Consequently, decision makers cannot consider the uncertainties caused by differences in modeling approaches, and modelers lack a systematic understanding of the effects of typical method choices. While modelers are aware that a variety of uncertainties exist, addressing every uncertainty is often impractical. Hence, it is necessary to develop a better understanding which factors have a high impact. However, uncertainty factors are often studied independently in the literature, and comprehensive evaluations are rarely done due to the high computational effort required. Particularly in studies with only a few model runs, biases remain largely unnoticed^2^. Nevertheless, the impact of uncertainties and the influence of methodological choices on scenario results are considerable.
Energy scenario analysts typically use capacity expansion models^3^, which we refer to as energy system optimization models (ESOMs).
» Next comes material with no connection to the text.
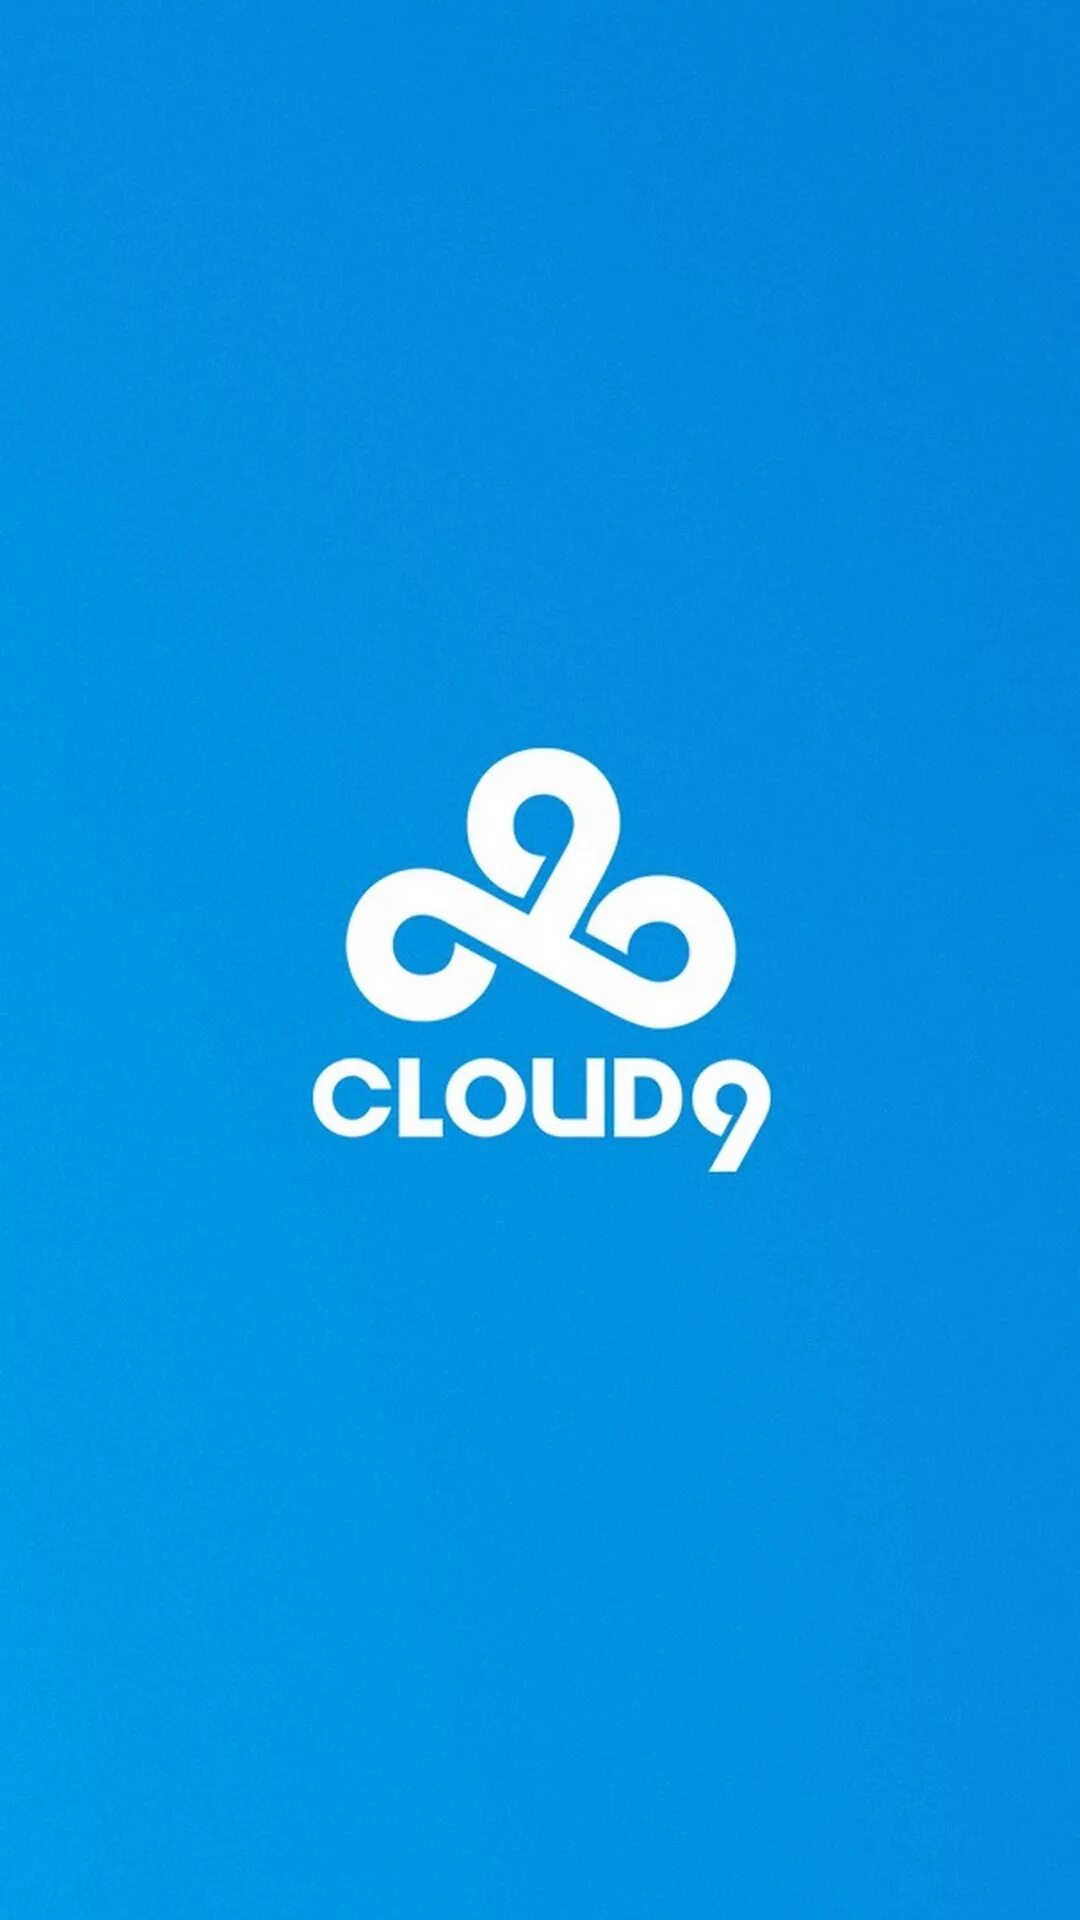 Ncloud. Клауд 9. Логотип cloud9. Cloud9 на аву. Эмблема Клауд 9.

These cost-minimizing models^4^ usually have normative constraints and many interdependencies. Modelers must also cope with many uncertain parameters^1^. For this reason, analyzing broad sets of scenarios is often only possible for small problems, and is established in operation planning^2^ and investment planning^5^ for local systems, such as residential neighborhoods^6^ or industrial areas^7^. Such applications are computationally manageable since their scope is limited. However, ESOMs become disproportionately complex for research on large-scale systems, making large-scale simulations challenging. As a consequence, such ESOMs are difficult to compute^1,8–10^. High-performance computing (HPC) can address this issue and is standard in related research areas such as climate modeling. However, although it is the best practice, it is not yet applied in many energy scenario analyses.
Presenting the results also comes with challenges. Since the purpose of scenario studies is typically to support human decision makers, the results must be summarized. Of the thousands of calculated scenarios, only a high level of aggregation or just a few representative scenarios can usually be communicated^11^. This results in a lack of incentive to calculate more than a few scenarios, given the large amount of computational resources required. In fact, even prominent large-scale energy supply studies examine only few scenarios. For example, the TYNDP 2024 Scenarios^12^ consider one weather year for capacity expansion planning and three weather years for dispatch planning, as well as just two different sets of cost assumptions. Similarly, although the National Renewable Energy Laboratory (NREL) calculated 100 scenarios for their National Transmission Planning Study, only the weather years 2007–2013 were used for modeling^13^.
Consequently, we must combine efficient computing of complex optimization models with systematic variations of input data assumptions to create a space of plausible scenarios, i.e., having sensible combinations of input parameters that can be communicated. In summary, we see a need for performing more robust scenario analyses that address many different system aspects. Parallel computing of many scenarios using HPC can address these needs. Accordingly, the overarching questions of this paper are: First, how can energy scenario analysis using large-scale ESOMs benefit from establishing modeling workflows in HPC environments? Second, what impact do required methodological choices have on the robustness of scenario analyses?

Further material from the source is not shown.